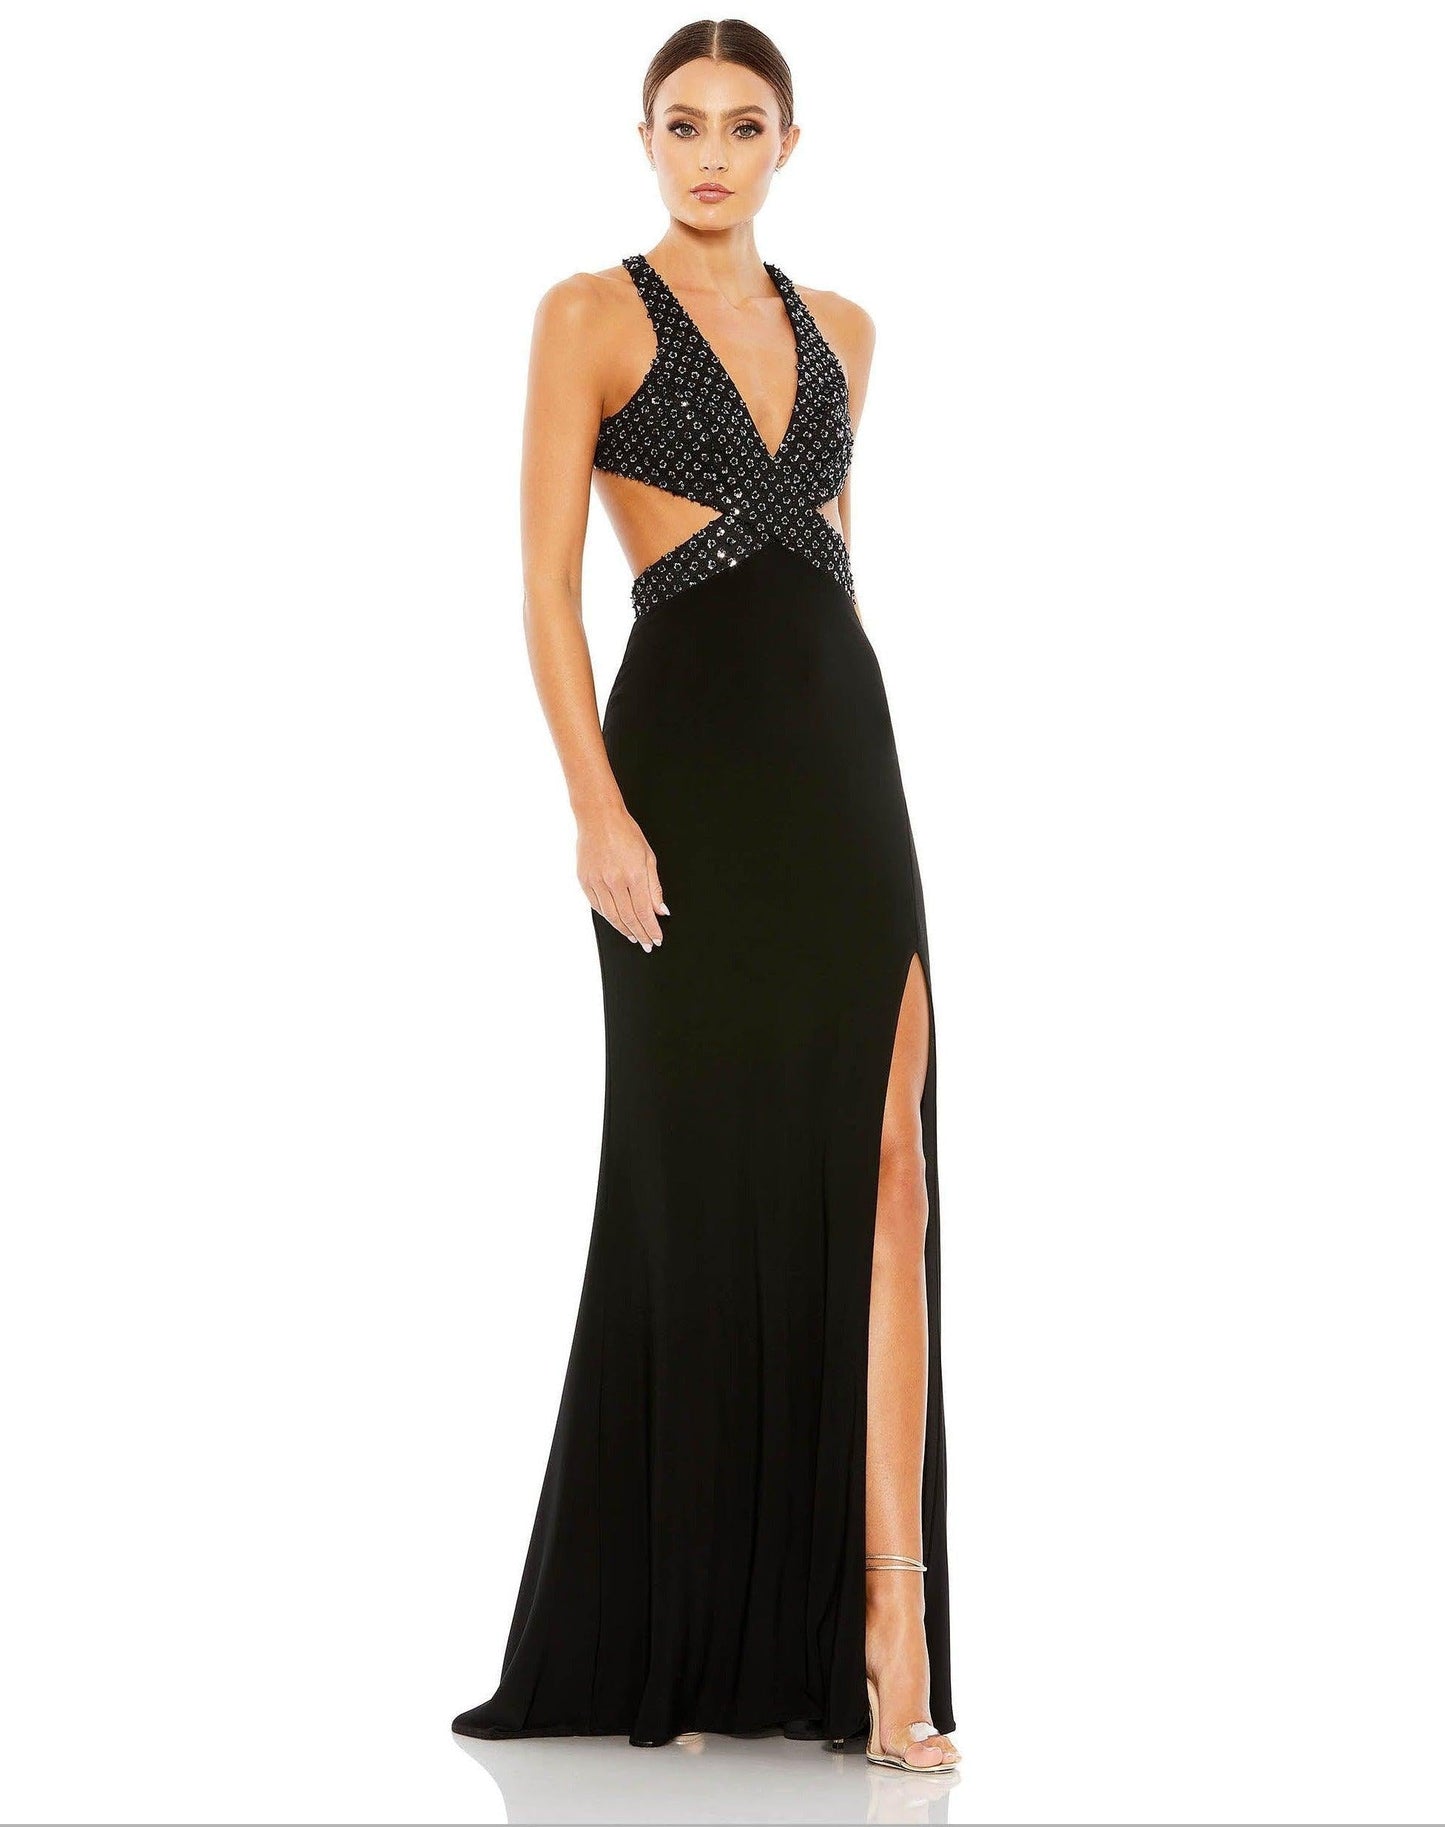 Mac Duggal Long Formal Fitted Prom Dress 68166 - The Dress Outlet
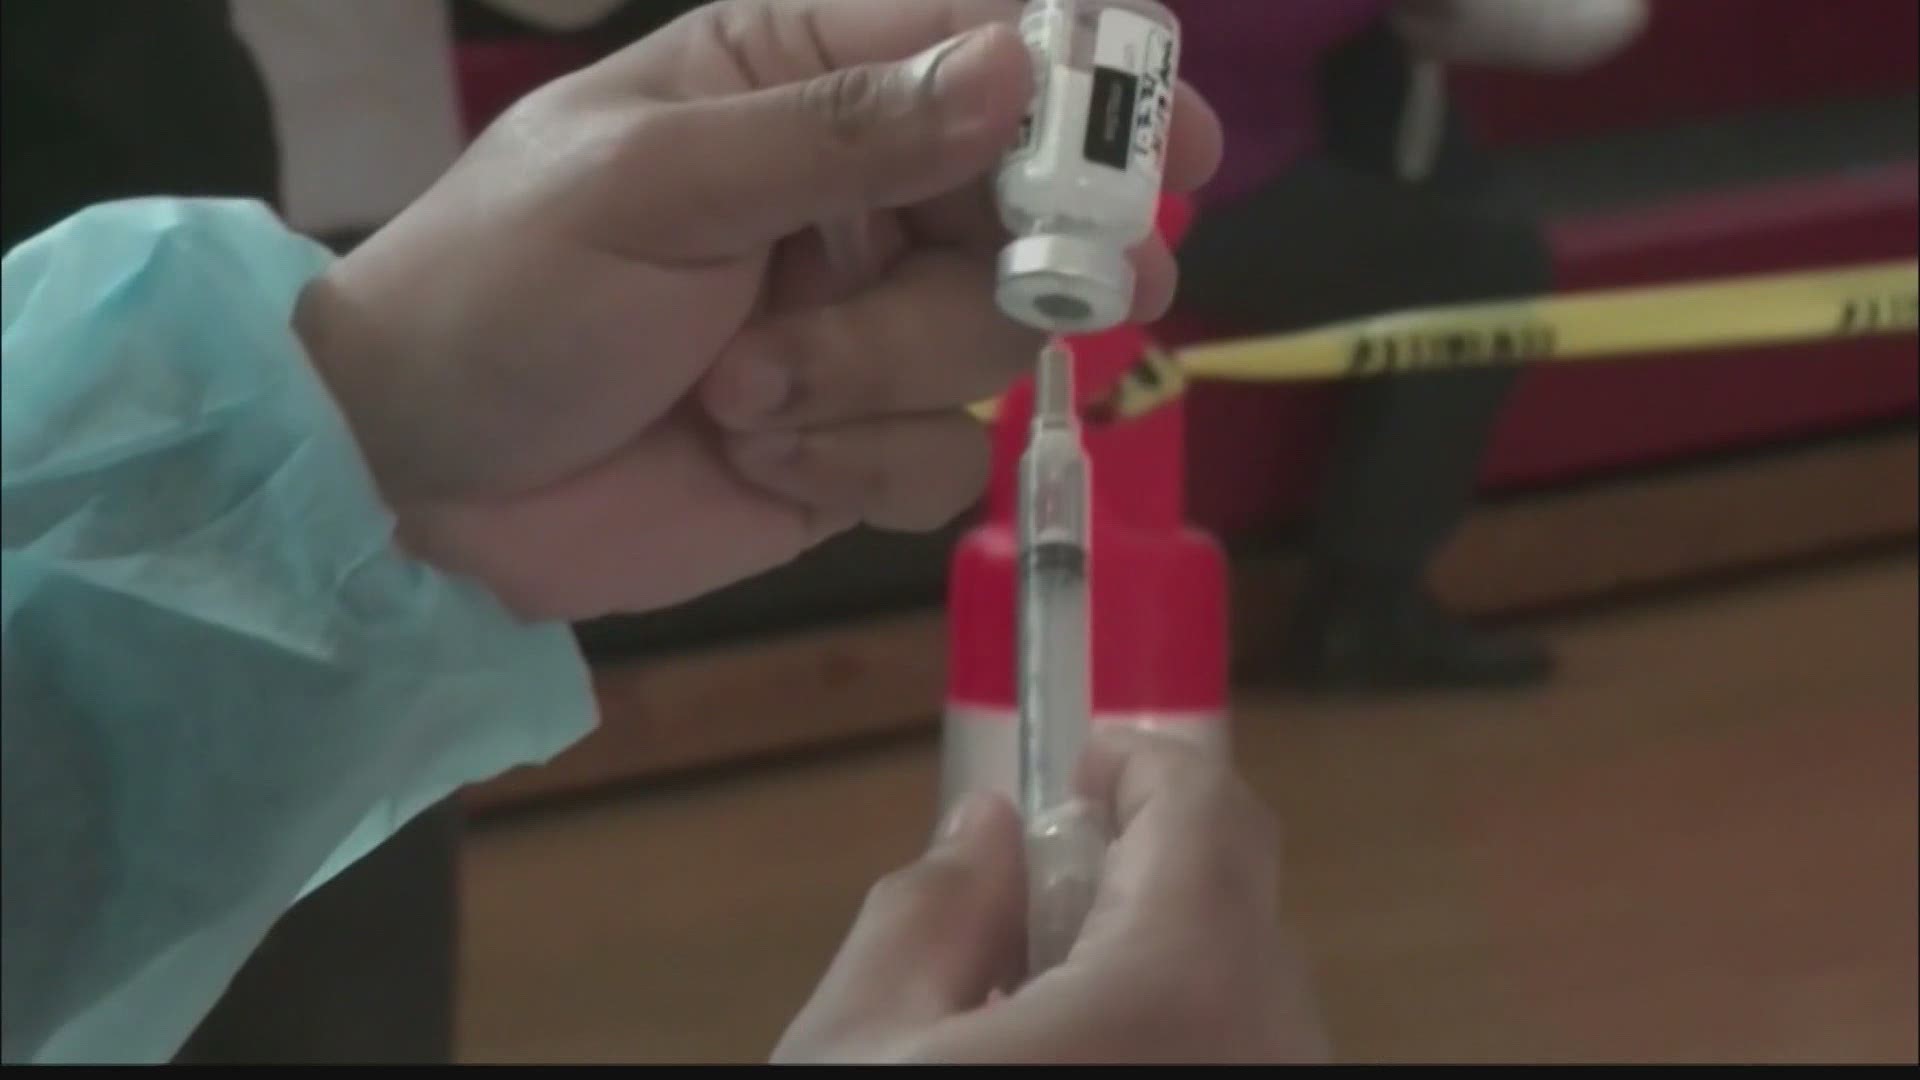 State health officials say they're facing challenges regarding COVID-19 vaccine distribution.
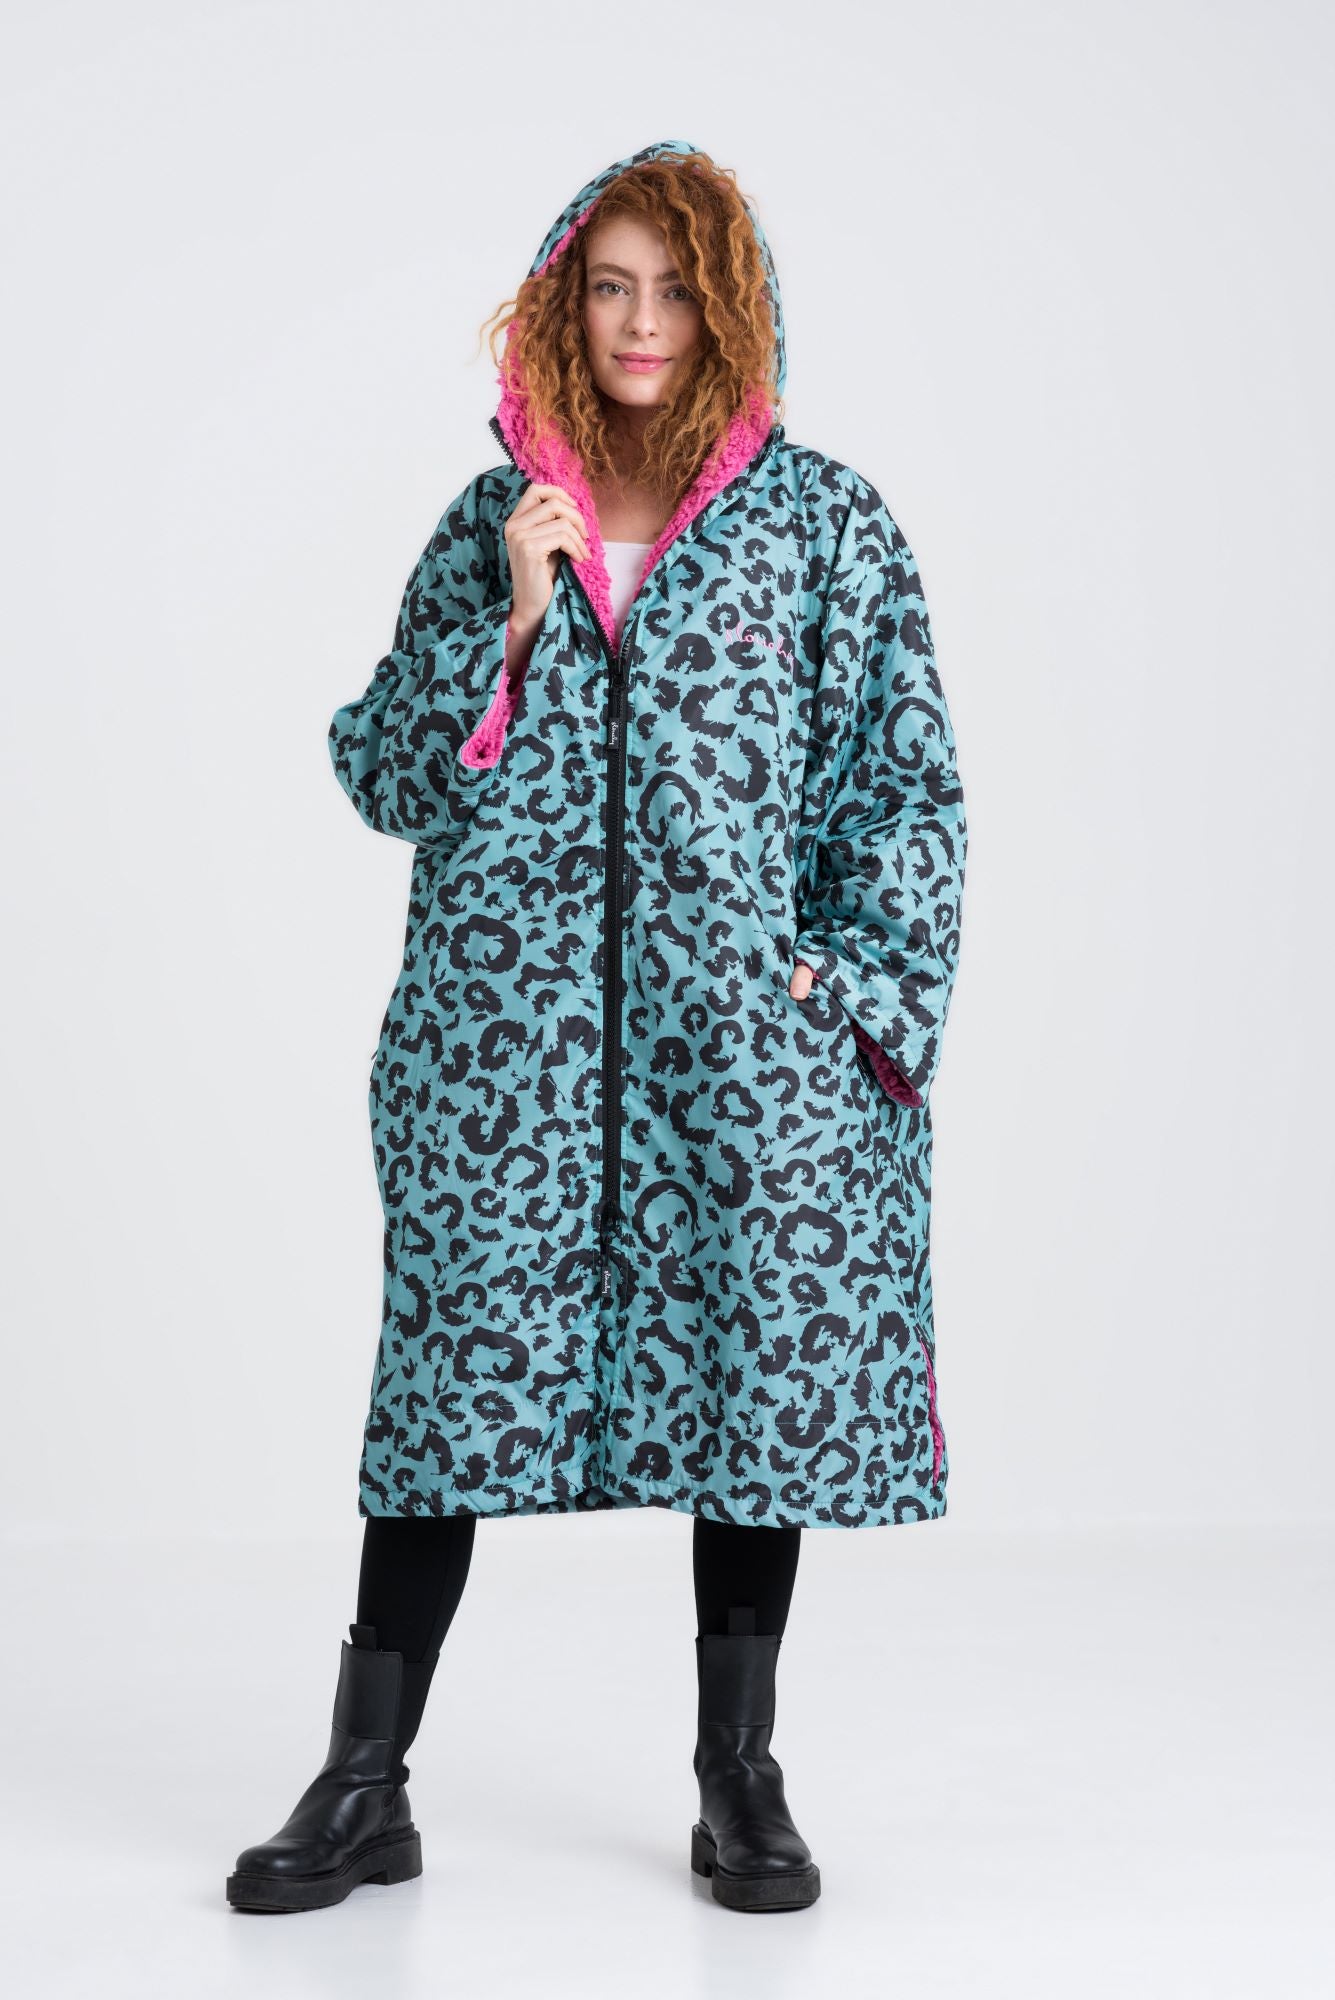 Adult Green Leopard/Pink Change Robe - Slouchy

**Task description**
Set the listing down exactly, without its pictures.

**Response to the task**
 Mac Duggal Long Formal Fitted Prom Dress 68166 - The Dress Outlet
 State health officials say they're facing challenges regarding COVID-19 vaccine distribution.
 Adult Green Leopard/Pink Change Robe - Slouchy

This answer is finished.